> **COLLECTED MATERIAL**
+++

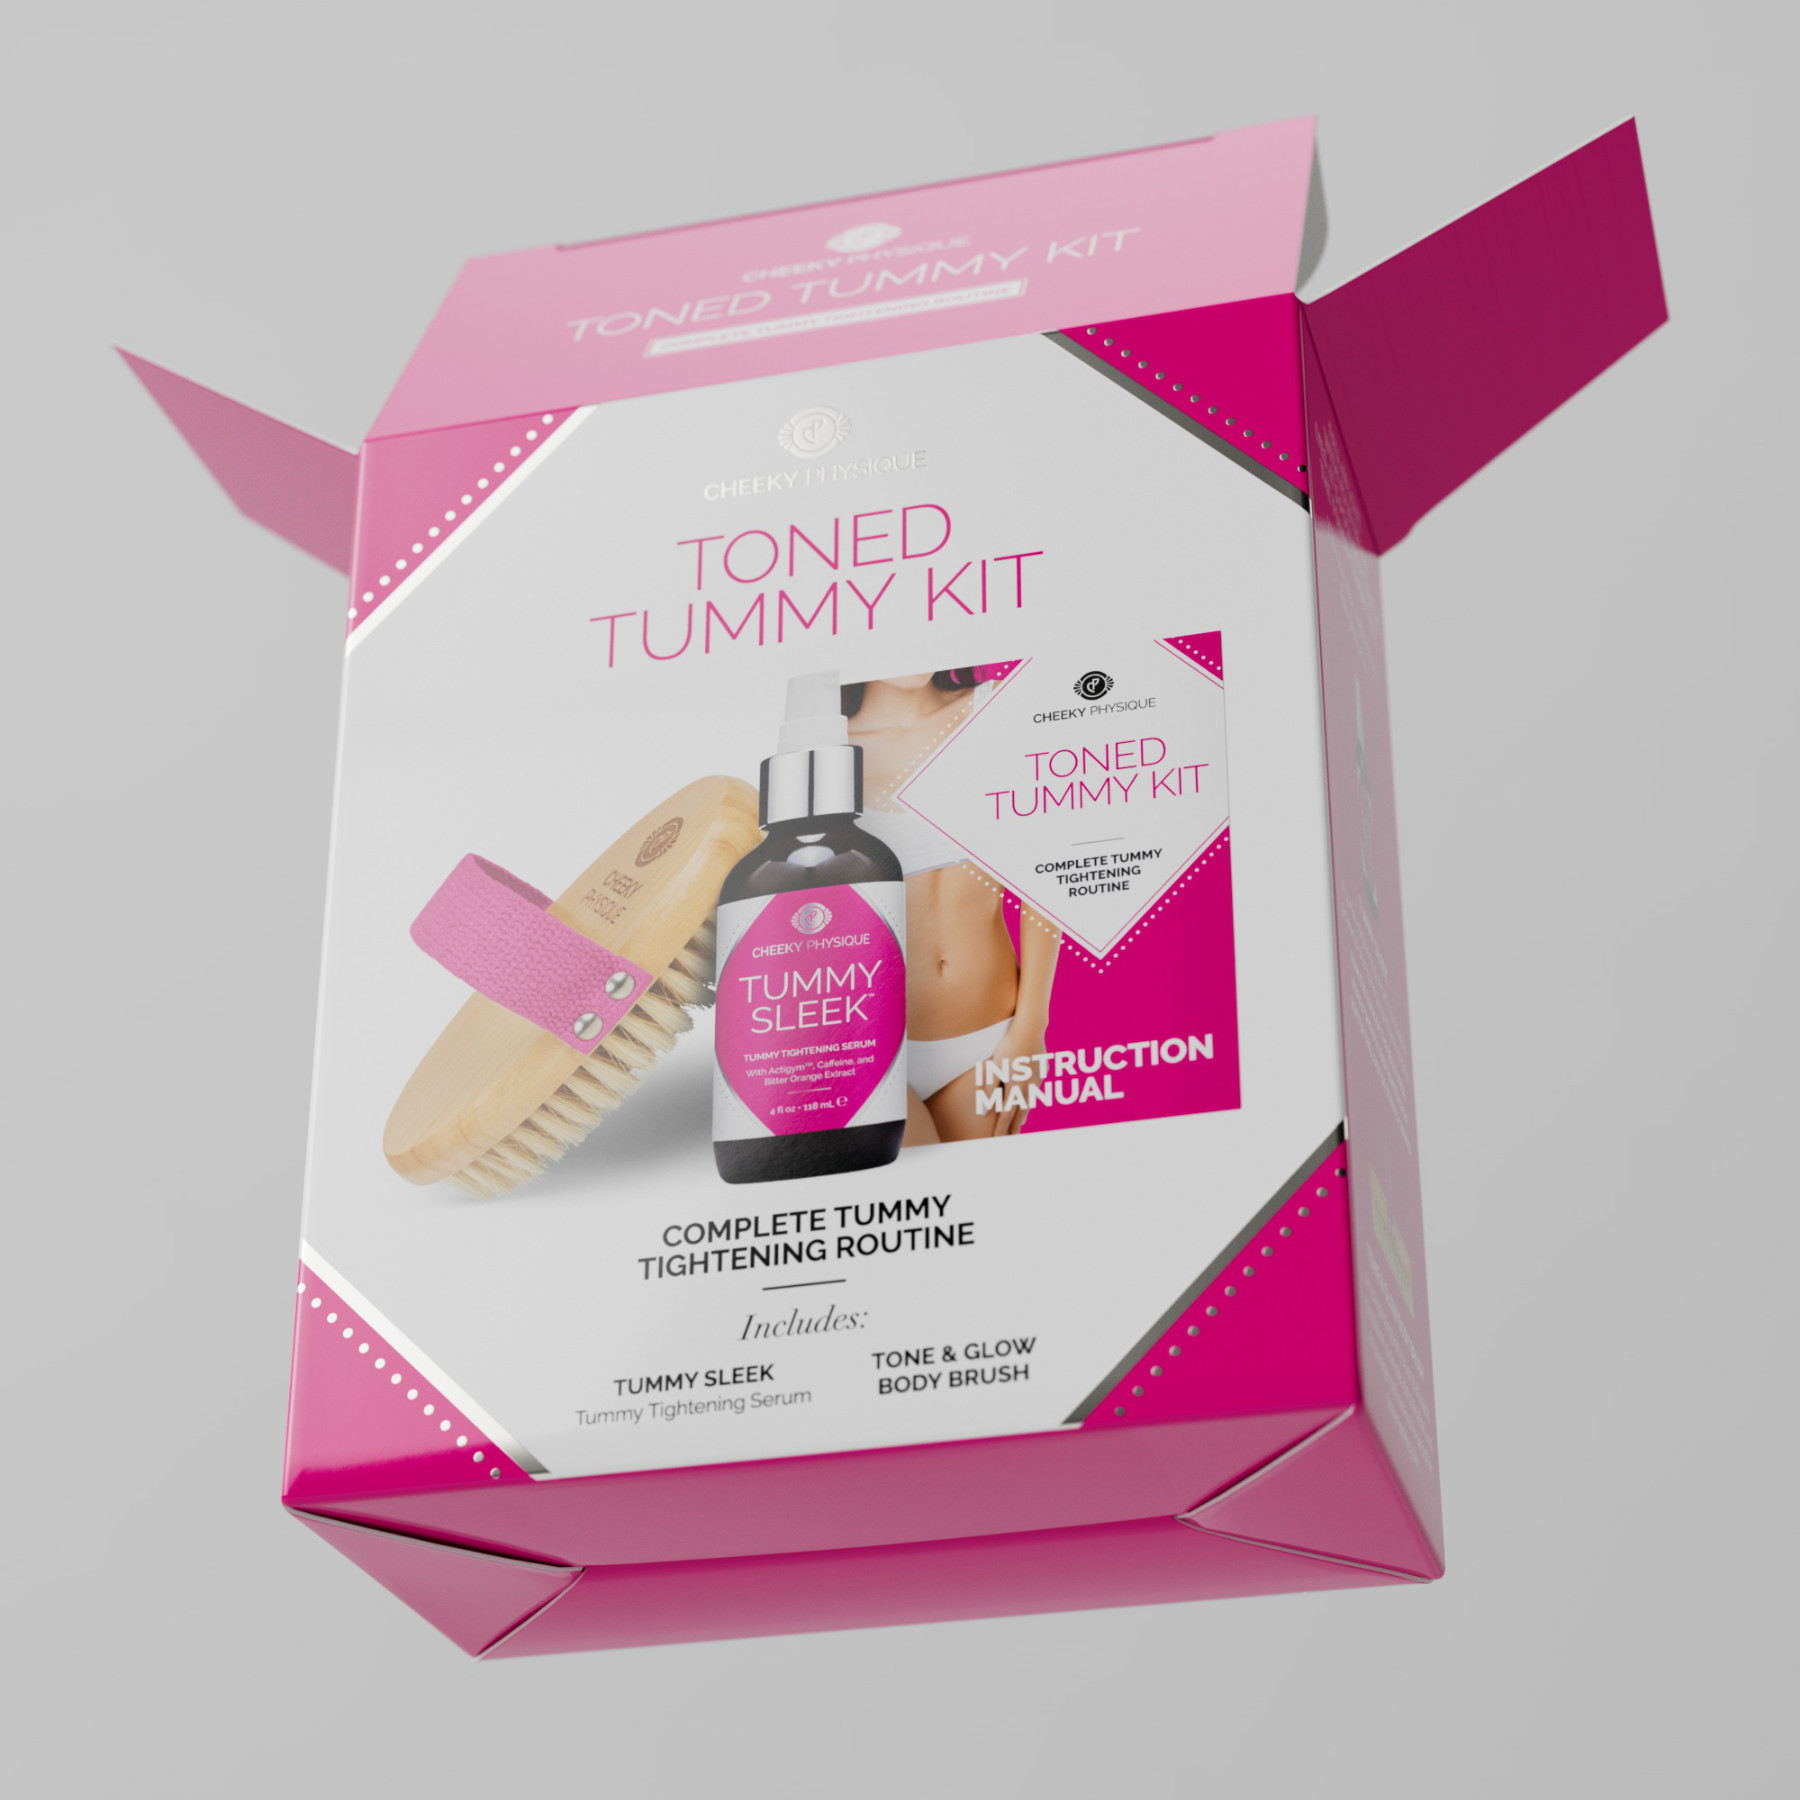 Toned Tummy Kit Package
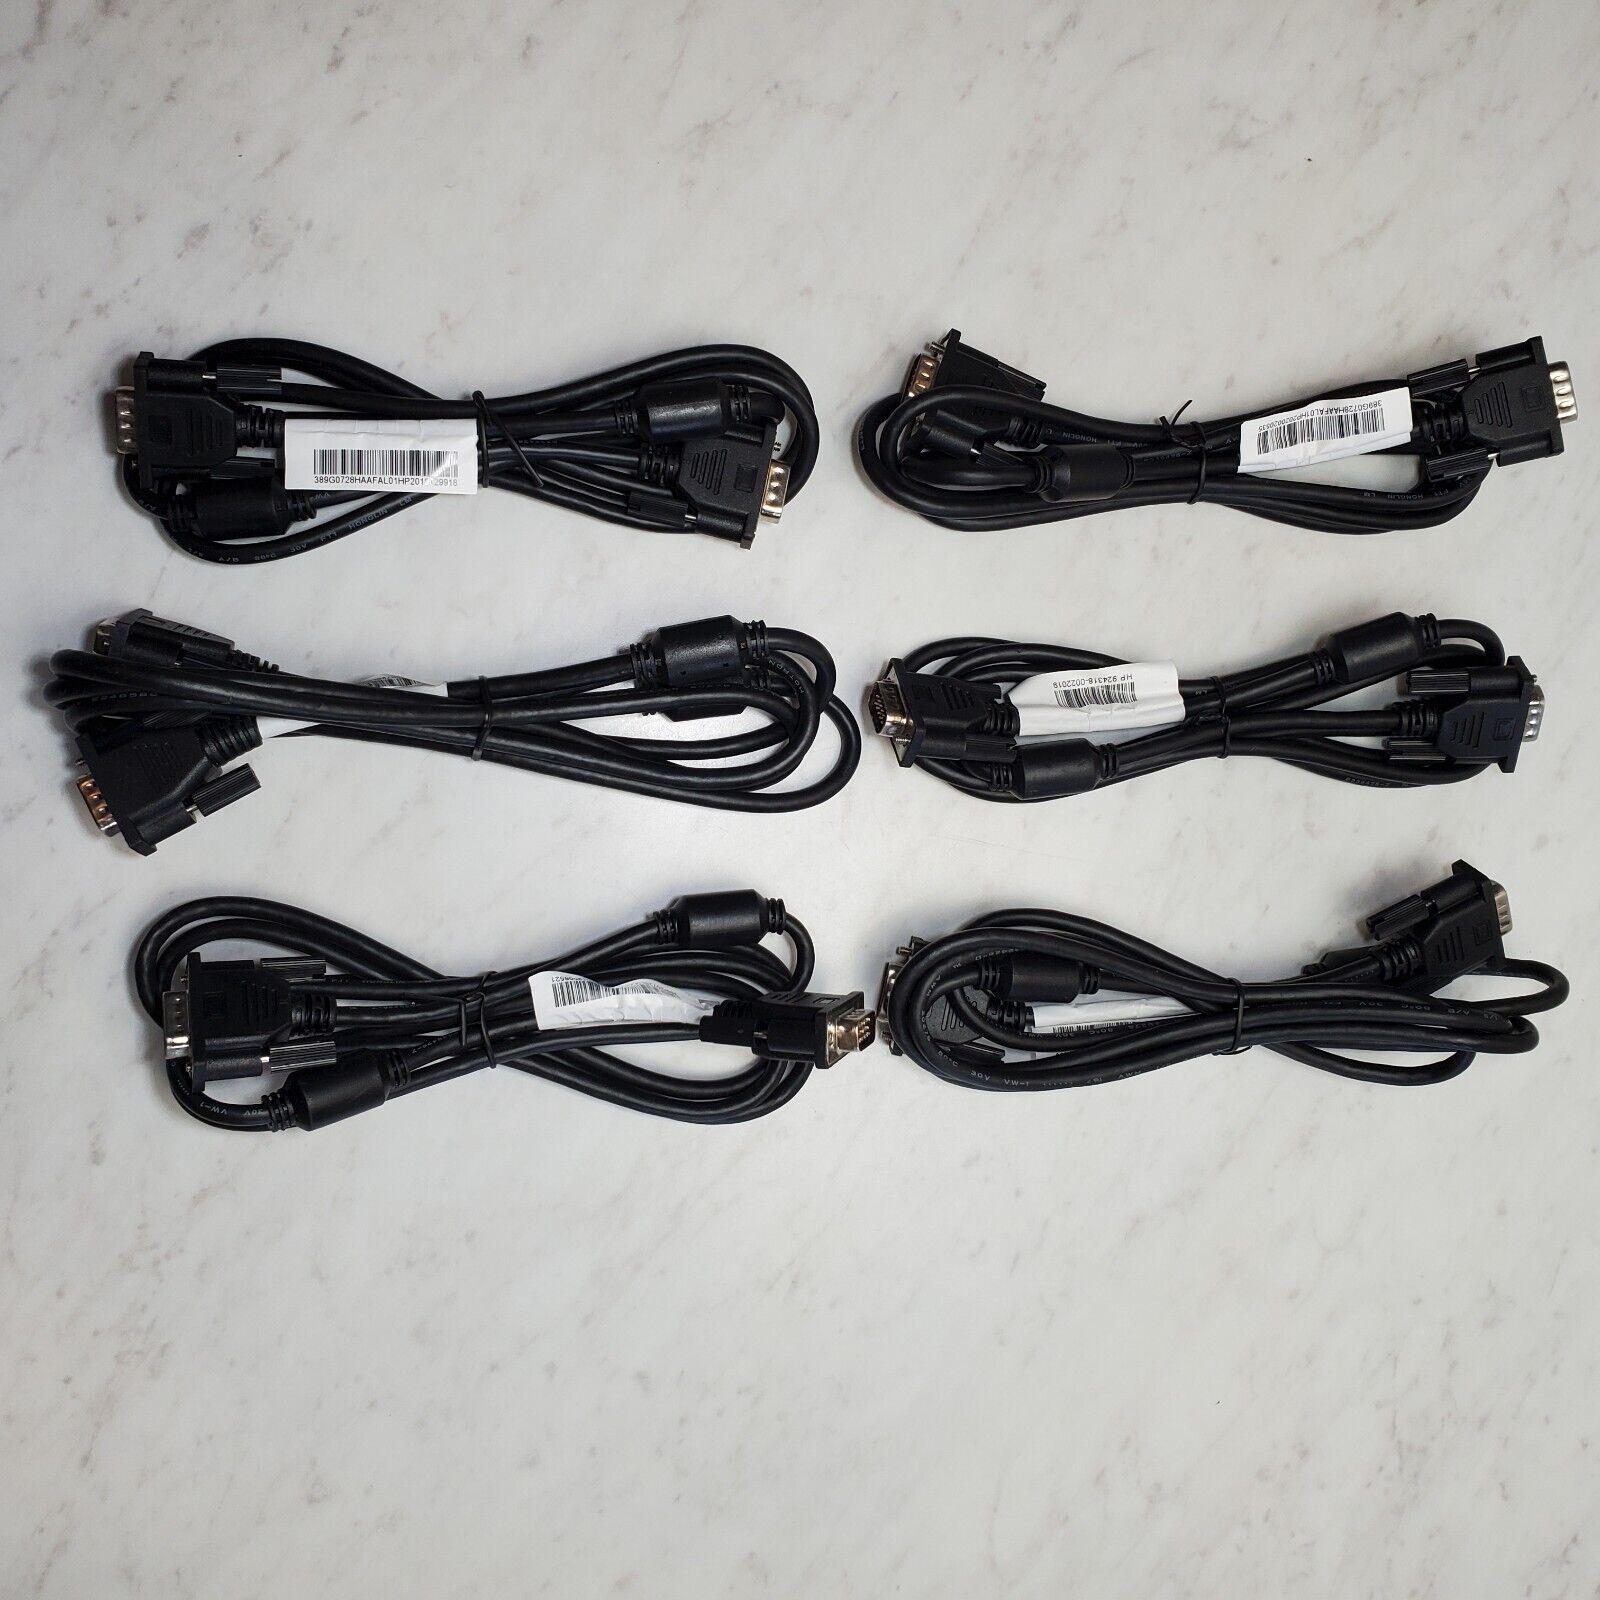 Lot of 6 Genuine HP 924318 Male To Male C2G VGA D-SUB Monitor Cable 15 P 5\' New
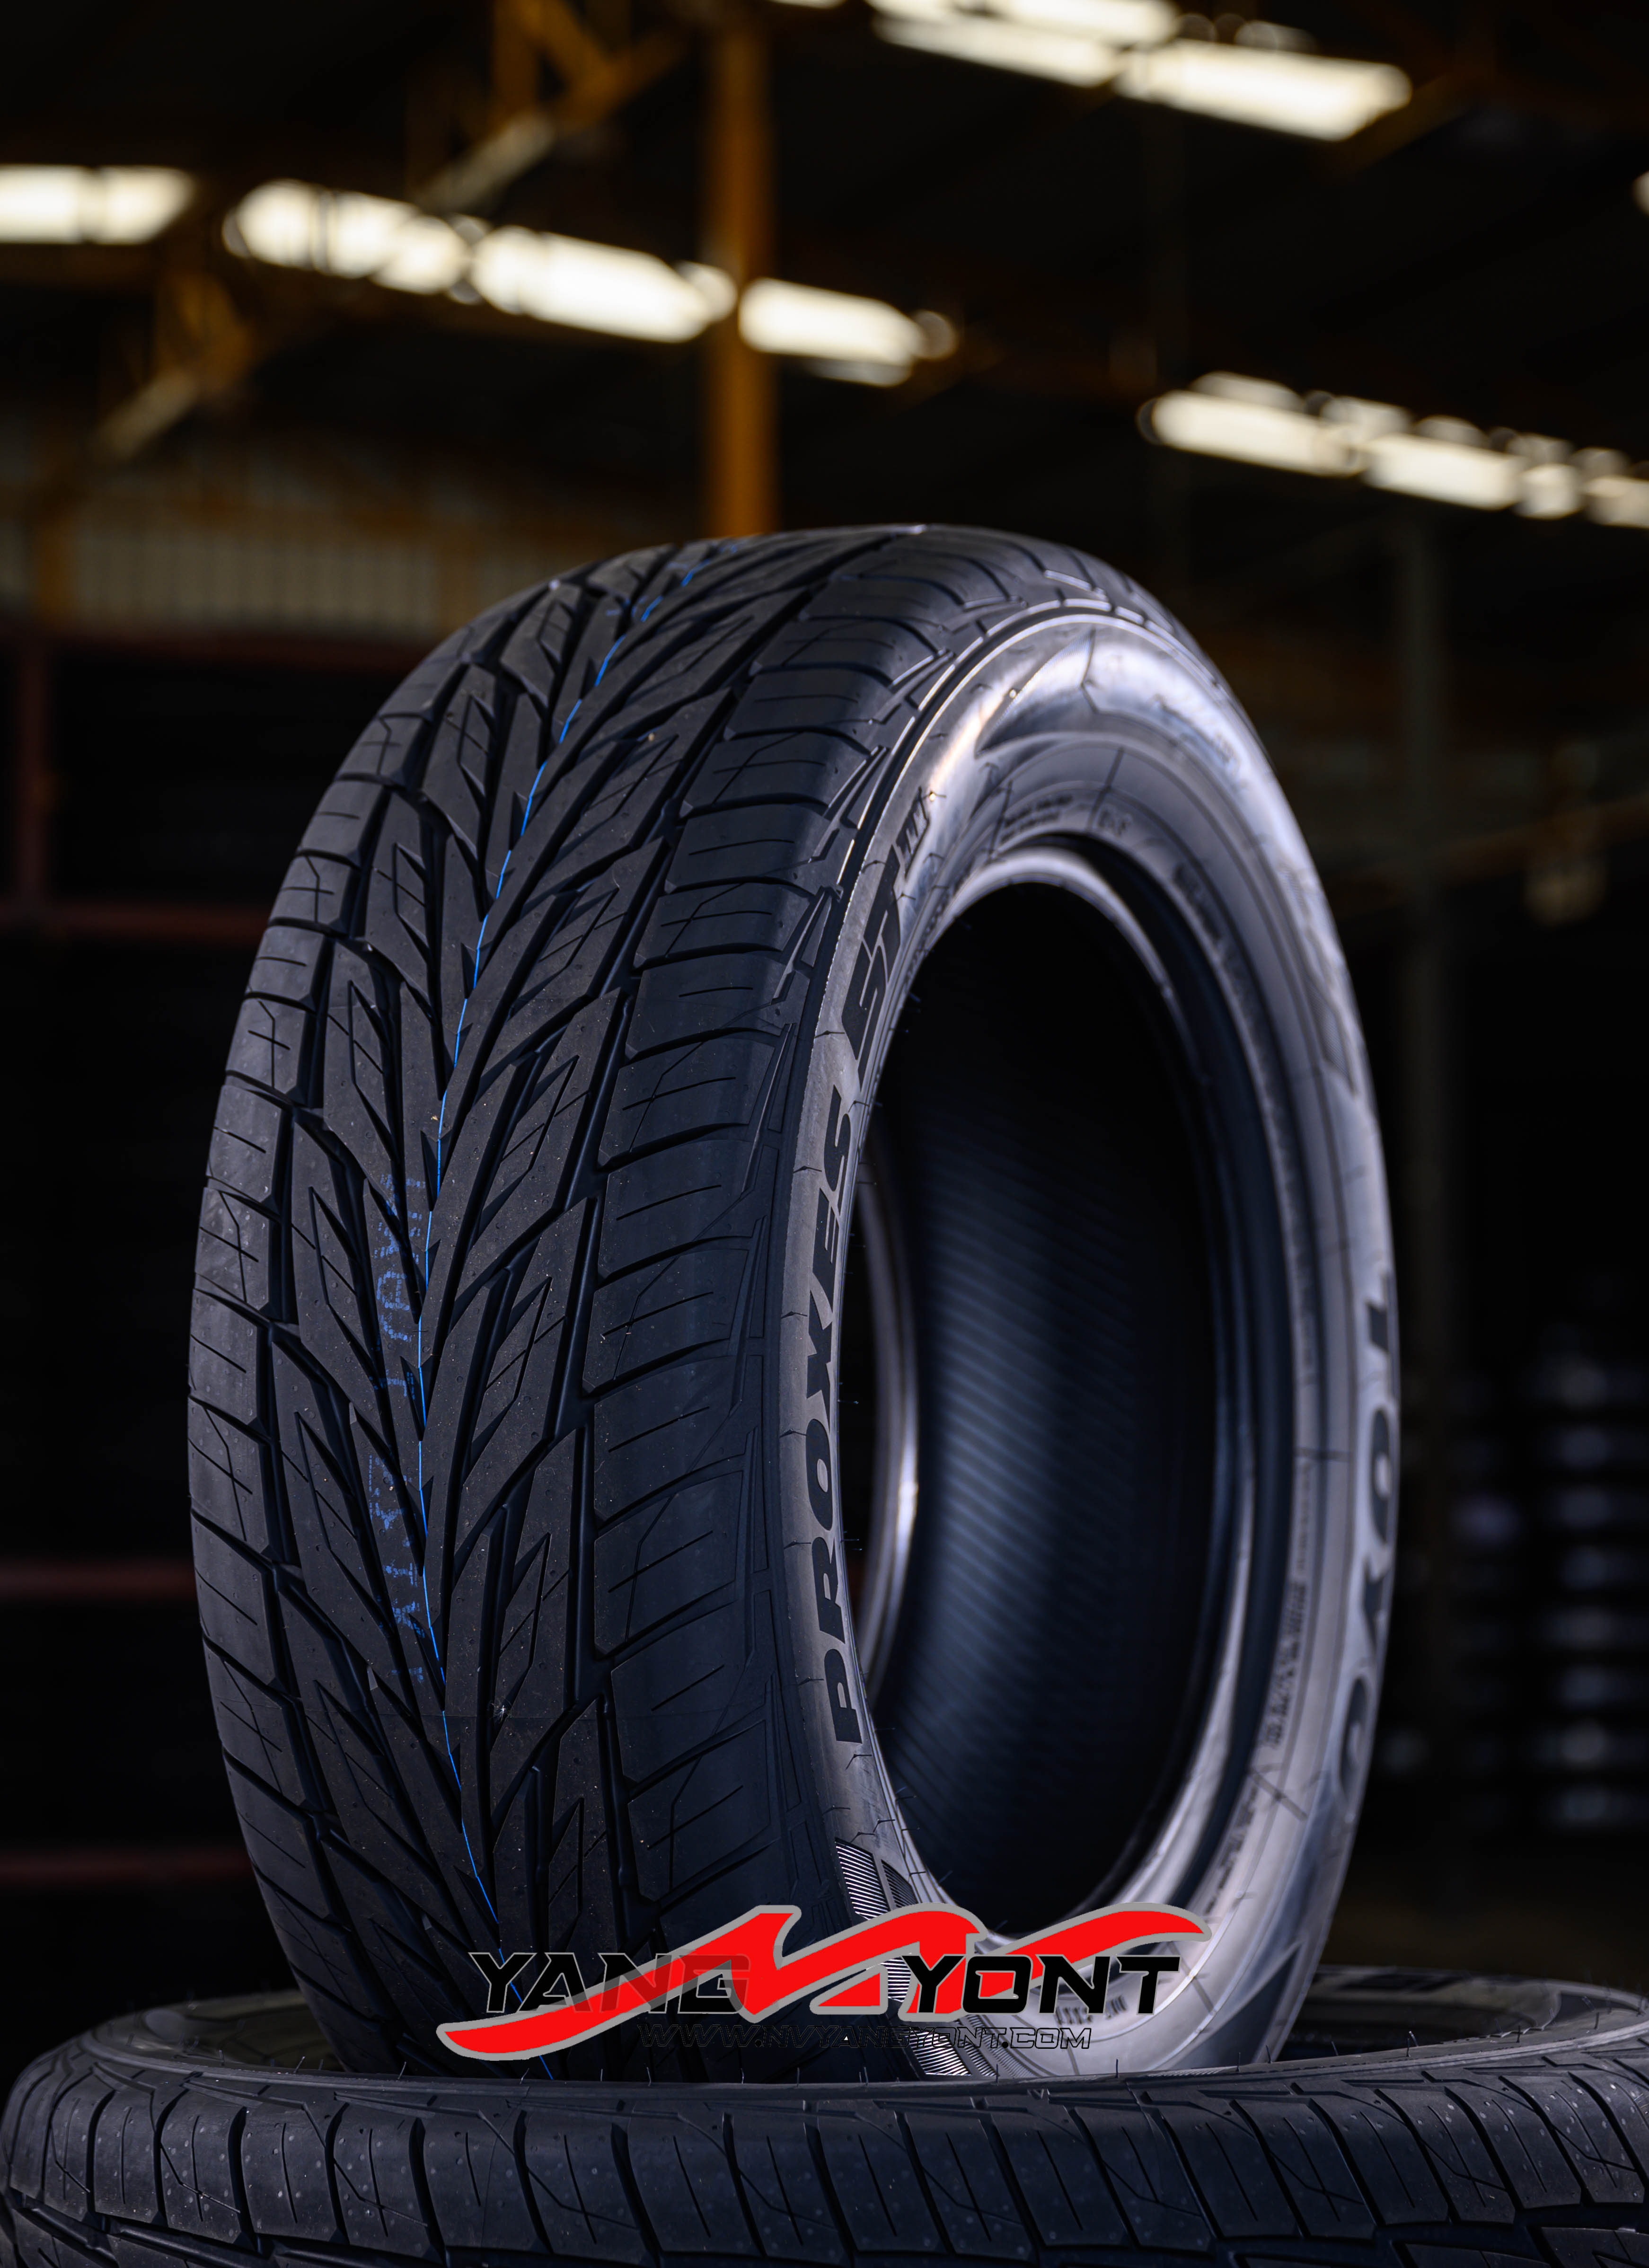 265/45 R 22 PROXES ST III

+++

An exact copy of the listing is required; return it without any pictures.

 Toned Tummy Kit Package
 Lot of 6 Genuine HP 924318 Male To Male C2G VGA D-SUB Monitor Cable 15 P 5\' New
 265/45 R 22 PROXES ST III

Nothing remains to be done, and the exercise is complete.